El subsecretario de Políticas Universitarias, Alejandro Álvarez, que busca mantenerse en territorio neutral para no captar la atención mediática, fue quien re reunió con rectores en representación del Consejo Interuniversitario Nacional para intentar destrabar aquel conflicto presupuestario que motivó la última Marcha Federal.

Marcha Federal Universitaria en el pedido por el financiamiento.

¿Qué le ofreció el Gobierno a las universidades?

El Ejecutivo propuso una recomposición salarial del 24,3% a los profesores universitarios que compensaría la pérdida de poder adquisitivo del 2024, 2025 y el desfasaje del 2026 hasta mayo. El incremento se pagaría en dos partes: un 21,3% en junio y el 3% restante en octubre.

El acuerdo incluiría además la conformación de una comisión técnica para trabajar en el período adeudado del 2024 y garantizar futuras negociaciones paritarias cada tres meses.

El Gobierno ofreció también un 50% de aumento para las becas Manuel Belgrano, un 20% de incremento para gastos de funcionamiento de las universidades y un fondo adicional de $50 mil millones para gastos de hospitales universitarios.

Mientras, las universidades esperan la convocatoria del Gobierno para acordar el nuevo criterio de distribución de una partida de más de $79 mil millones destinadas a estos hospitales ya que el congelamiento generó protestas y una advertencia de peligro de un posible freno de funcionamiento.

Universidad pública con el cartel: "Sin salarios dignos la UBA no funciona" Foto: NA

¿Cuál fue la respuesta de las universidades a la propuesta del Gobierno?

Fuentes de la comunidad universitaria le comentaron a TN que la propuesta del Ejecutivo es razonable pero que no aceptaron por el pedido de retirar la demanda judicial que exige el cumplimiento de la Ley del Financiamiento Universitario sancionada por el Congreso.

La ley exige, entre otras cosas, el cumplimiento de los aumentos en materia de salarios y becas dispuestos en la Ley de Financiamiento de acuerdo al IPC. La cifra ronda los 2,5 billones de pesos y el Ejecutivo considera que atenta contra el superávit fiscal.

Los rectores universitarios le dijeron a TN: “Eso no va a suceder de ninguna manera. No estamos dispuestos a hacerlo y no es modificable esa situación. Condiciones para avanzar hay, pero la pelota está del lado del Gobierno”.

Marcha Federal Universitaria. Foto: NA

Las casas de altos estudios consideran que la demanda activa es un resguardo que no están dispuestos a perder y que no existe un consenso de la comunidad universitaria para eso.

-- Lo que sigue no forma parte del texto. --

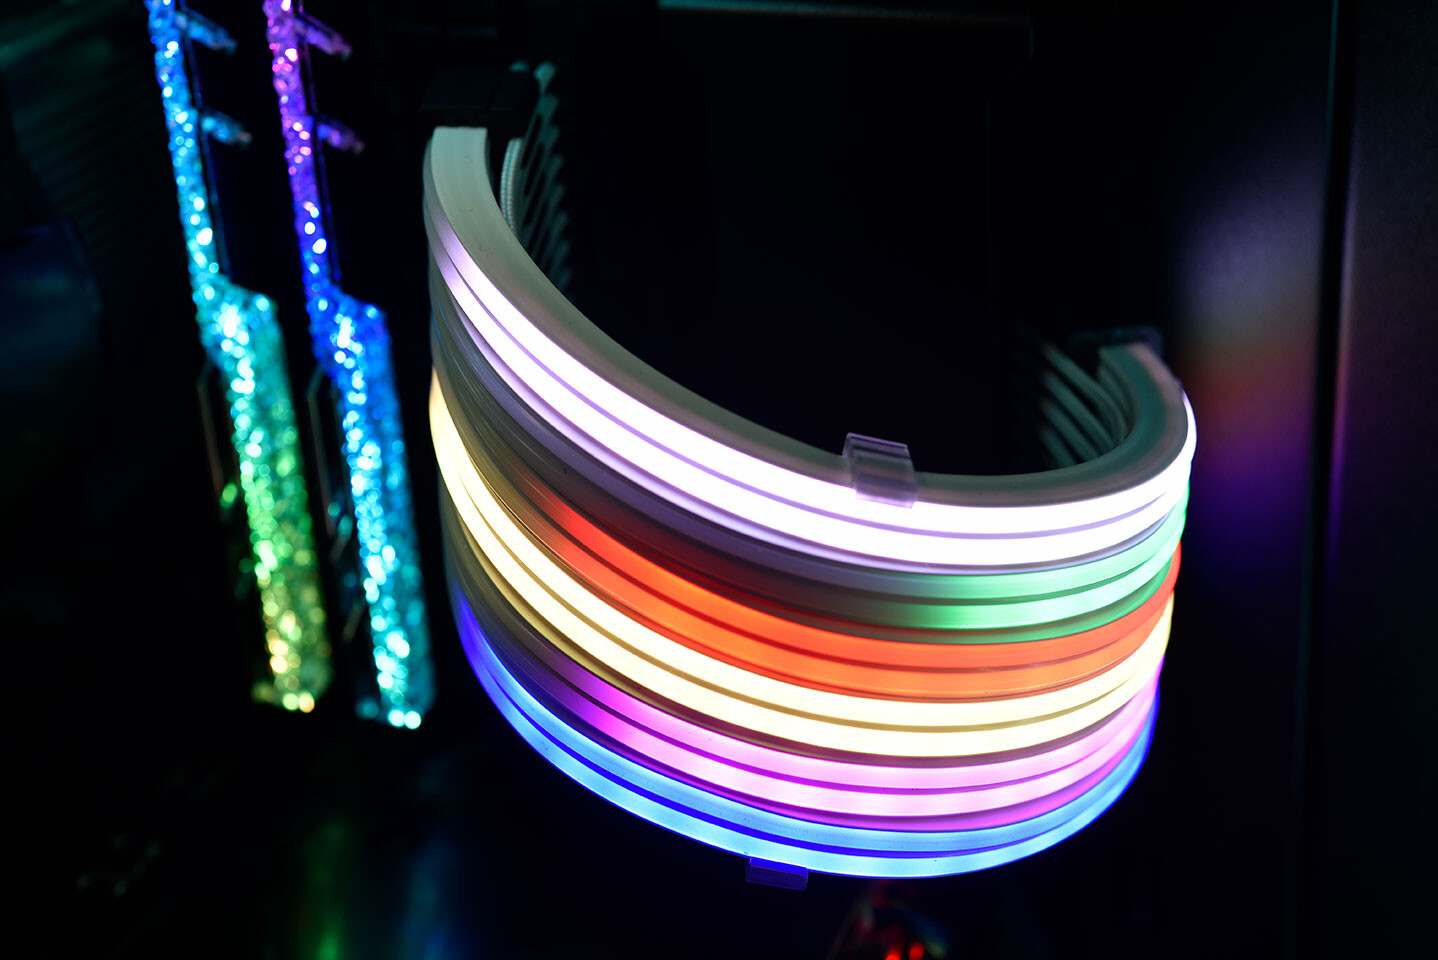 Lian Li STRIMER PLUS هو الجيل التالي لكابلات مزودات الطاقة بإضاءة RGB

De hecho, enfatizan que la propuesta demuestra que el Gobierno cuenta con los recursos para solucionar el conflicto.

“Si hay voluntad de acordar, es bastante insólito que no lo hagamos. Hay condiciones para que eso ocurra”, remarcaron las autoridades universitarias, con la expectativa de que el conflicto se resuelva esta semana.

Según TN, el Consejo Interuniversitario Nacional (CIN) conducido por Franco Bartolacci no quiere ceder en terreno judicial para no perder el apoyo de la comunidad y cuestionaron que eso “lleve a todos a un conflicto sin solución”.

Así, ambos sectores insisten en la idea de que, para llegar a un acuerdo, el otro tendrá que ceder.